Торжуев залпом осушил стопку, сморщился, начал жевать хлебную корку. Вид у него был какой-то ошеломленный: то ли разговор подействовал, то ли опьянел.
— Нехорошо ведь получается, Семен Матвеевич... — начал было Ерохин, но тут Воробьев со звоном поставил свою стопку и прикрикнул:
— Фронтовик чертов! Совесть свою где растерял? В Сочах небось отдыхаешь, санаторий каждый год требуешь, дети — студенты! Комсомольцы! В музыкальной школе государство обучает! В институтах! А знают они, что их отца весь цех шкурником величает? Не знают? Может, рассказать? Порадовать?..
Торжуев пьяными, злыми глазами долго смотрел на Воробьева, стараясь найти какие-то веские слова для ответа и не находя их.
— Не имеешь права... — наконец пробормотал он заплетающимся языком. — Насчет фронта не трожь... И детей — к чему детей приплел. Что я, несоветский элемент?.. Я, кажется, все сполняю...
Воробьев решительно встал:
— Пойдем, Миша. Навестили больного, водки его выпили, а тебе завтра за него вторую смену работать. Пошли!
Торжуев вскочил; покачнувшись, навалился на спинку стула, который так и затрещал под его тяжестью.

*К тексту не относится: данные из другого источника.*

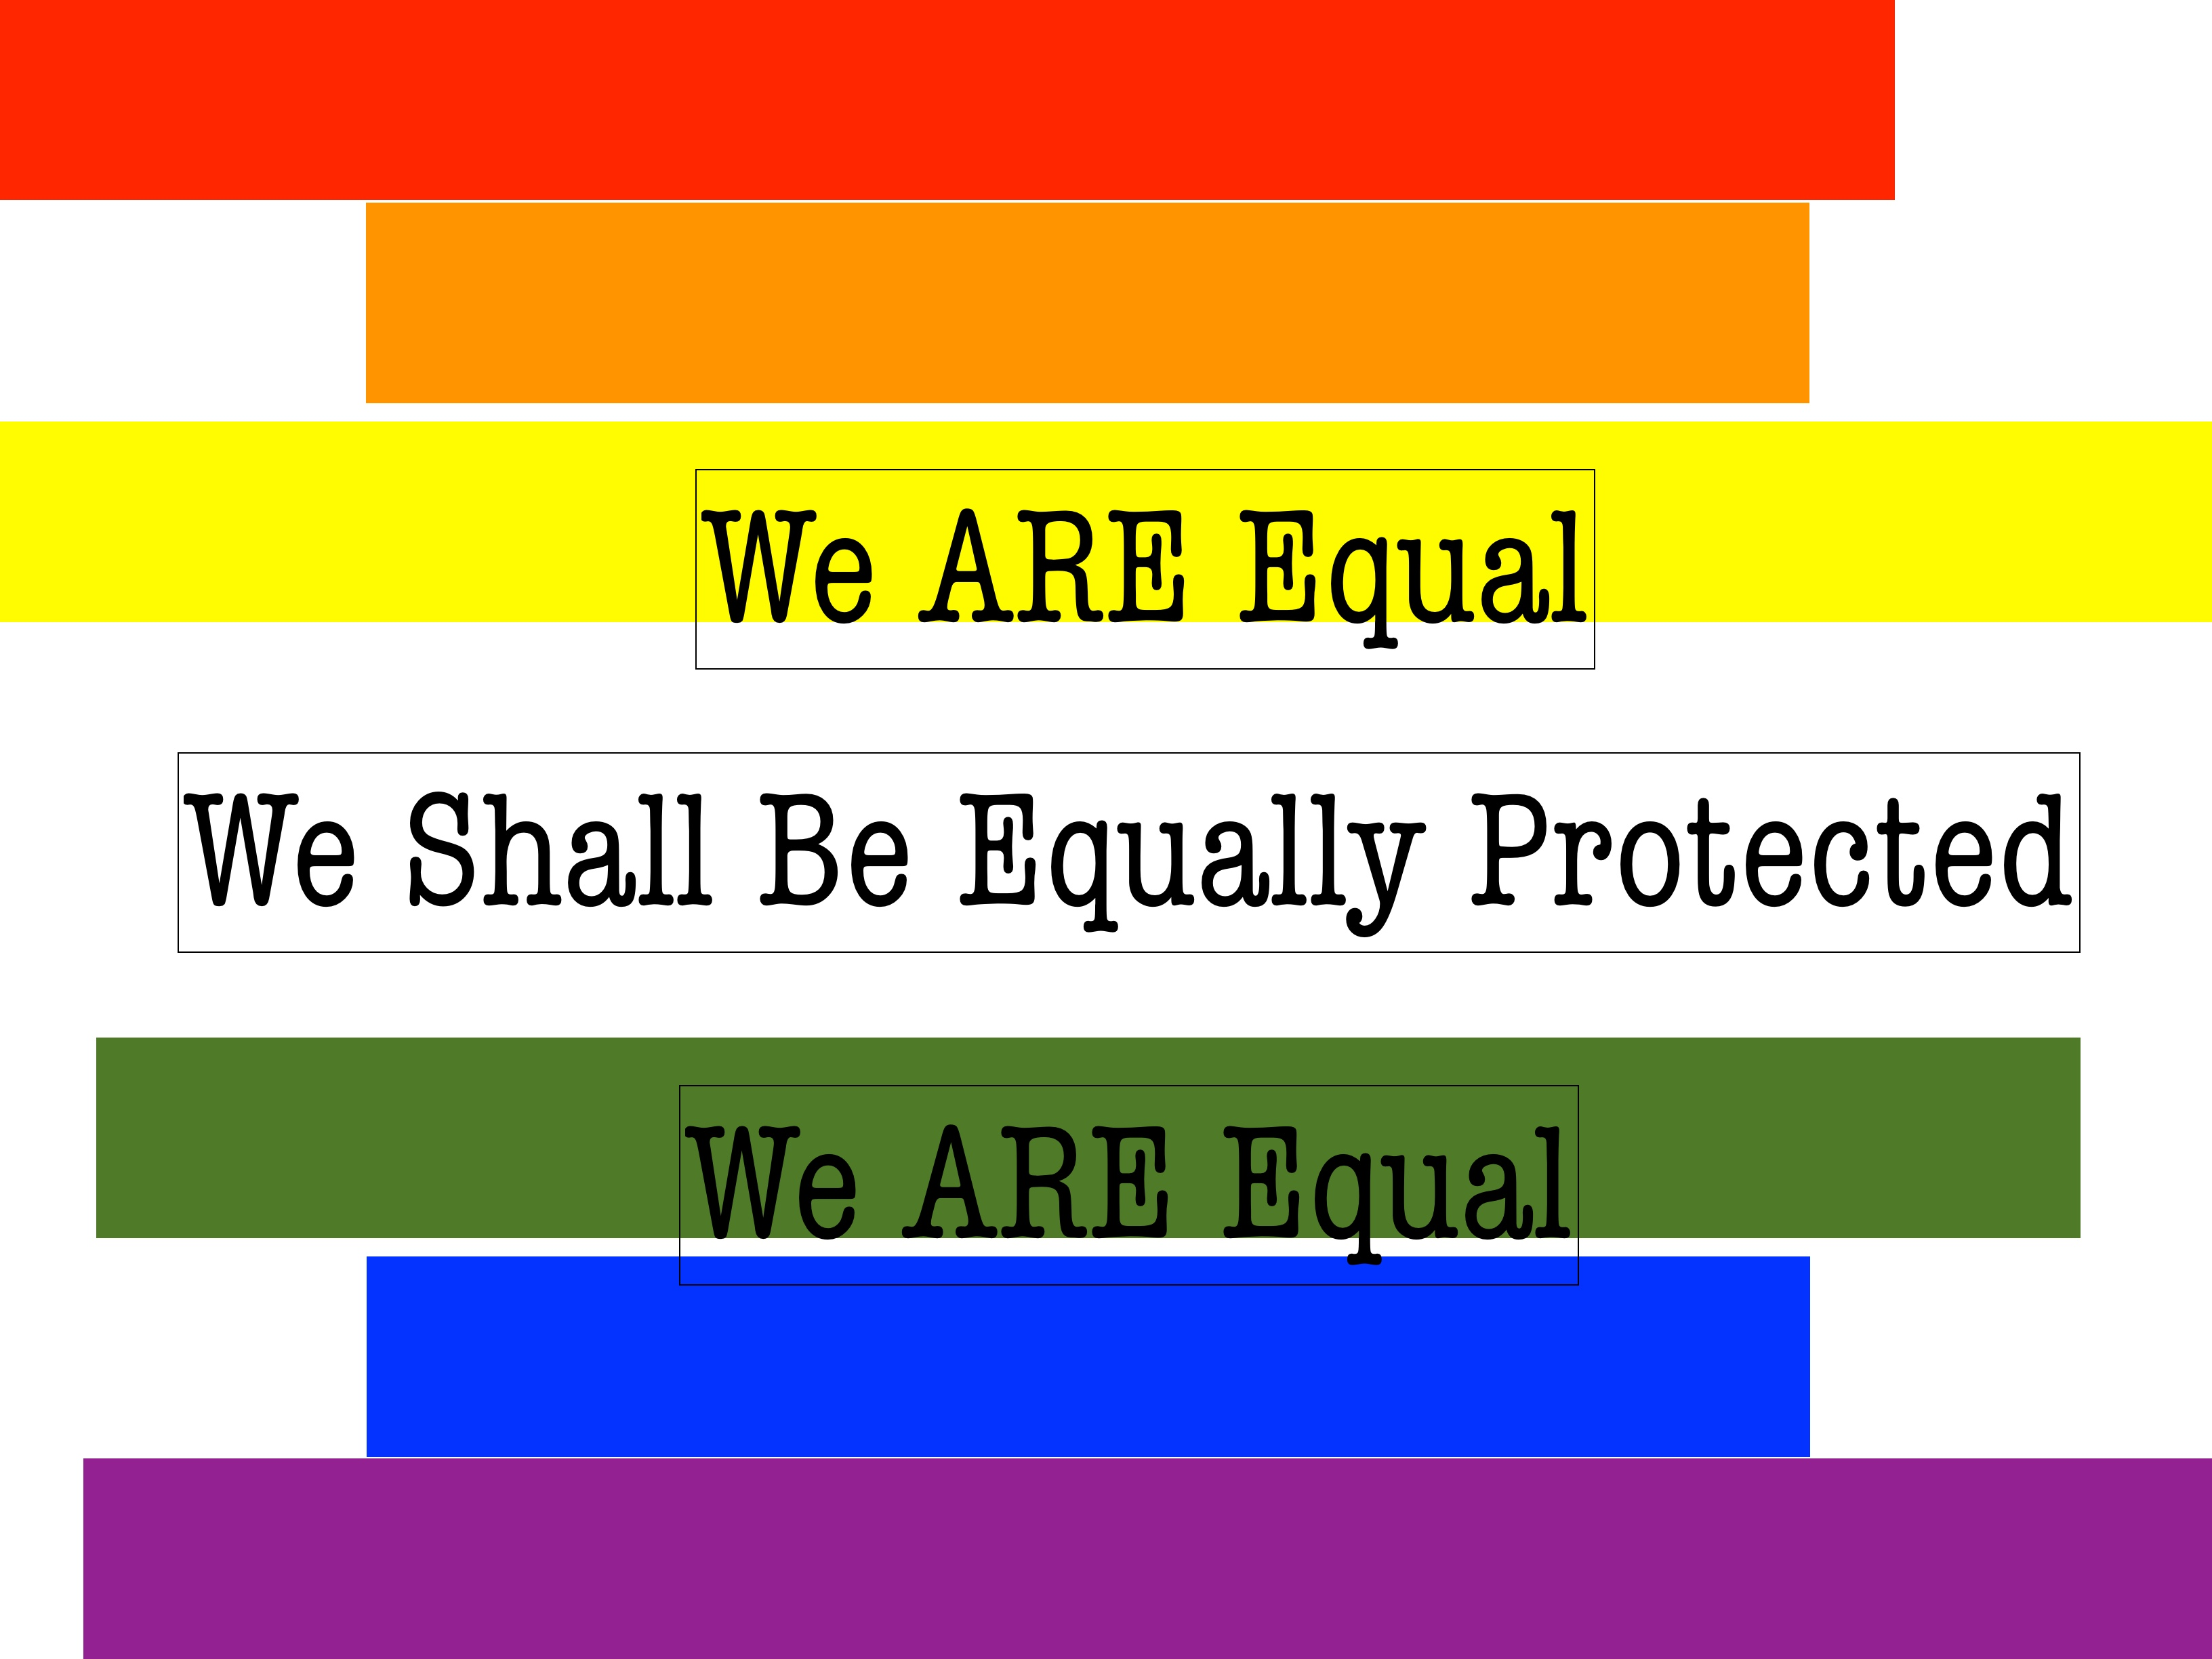 Workplace Equality 2020, Martin Haro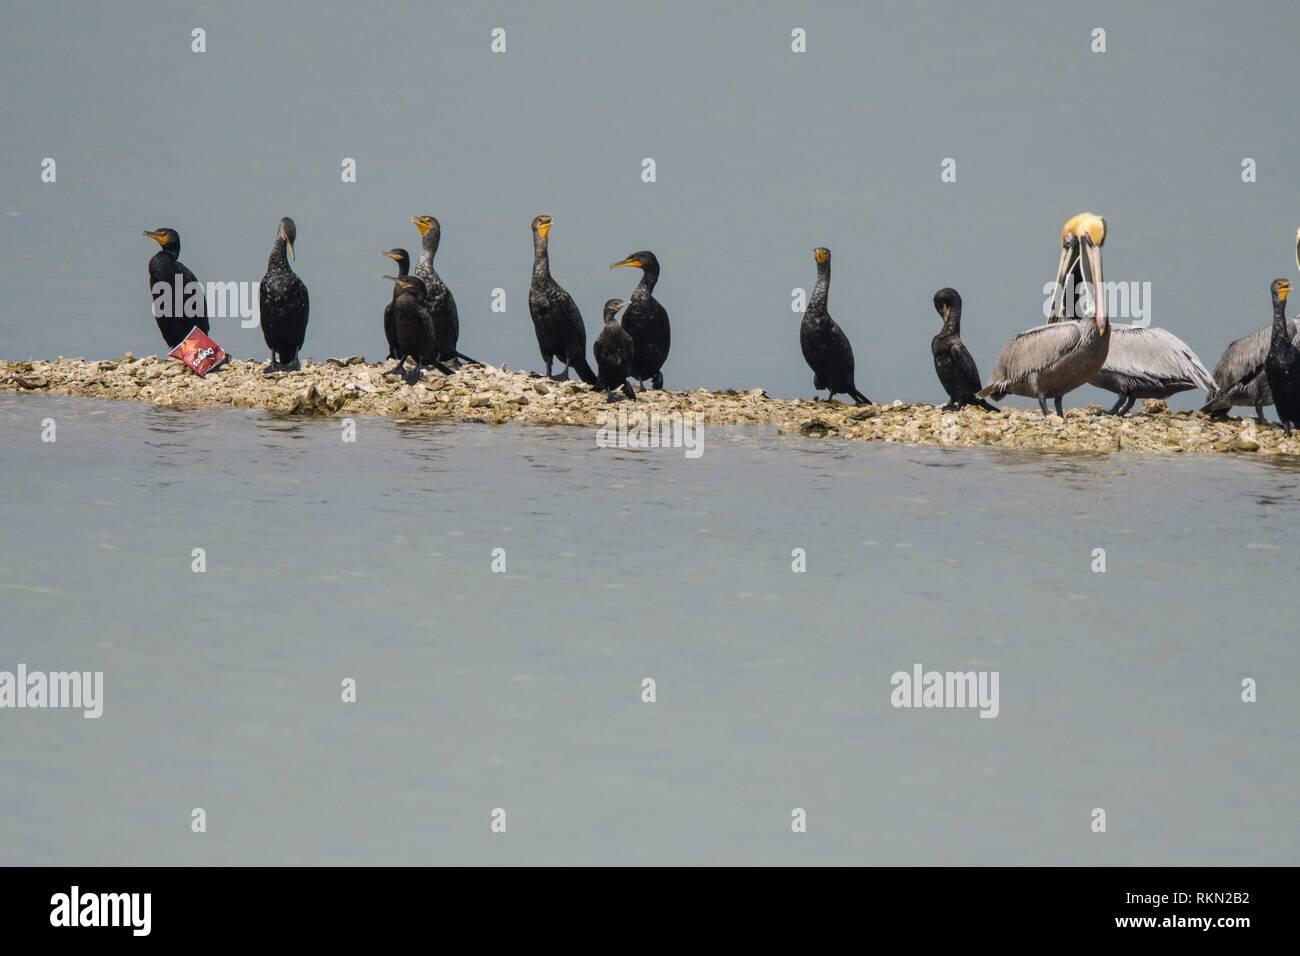 Neotropic/olivaceous cormorant (Phalacrocorax brasilianus), Aransas NWR, Texas, USA. - Stock Image

— За меня? — крикнул он с бешенством. — Никто еще за меня не работал! Ерохин больно гладенький, пусть Ваньку воспитывает да нос ему утирает, а я, если захочу, в один день за неделю сработаю!
— Так захоти! — с силой сказал Воробьев. — Захоти, чем так-то спьяну хвастать!
— А вот и захочу, если на то пошло! — крикнул Торжуев и отбросил в сторону стул. — Подначивать пришел? Так мне плевать на твою подначку, а вот христосику этому, — он презрительно кивнул на Ерохина, — обставить меня не дам! Не дам! Захочу — и будешь ты, групорг партейный, красные плакаты мне писать и портрет мой на стенку вешать!
— Если не хвастаешь, плакат напишу и портрет повешу, — спокойно сказал Воробьев. — А ты, Семен Матвеевич, чем куражиться попусту, подумай лучше, не пора ли собственным умом на свете жить? Пошли, Миша.
Воробьева рассердило и огорчило, что Ерохин, видимо, опьянел и вышел из квартиры спотыкаясь и забыв проститься с хозяевами. Но на улице Ерохин рванул ворот рубахи и сказал с тоской:
— До чего некрасивые люди, а?
Некоторое время он шел молча, затем сквозь зубы проговорил:
— А насчет христосика... еще посмотрим!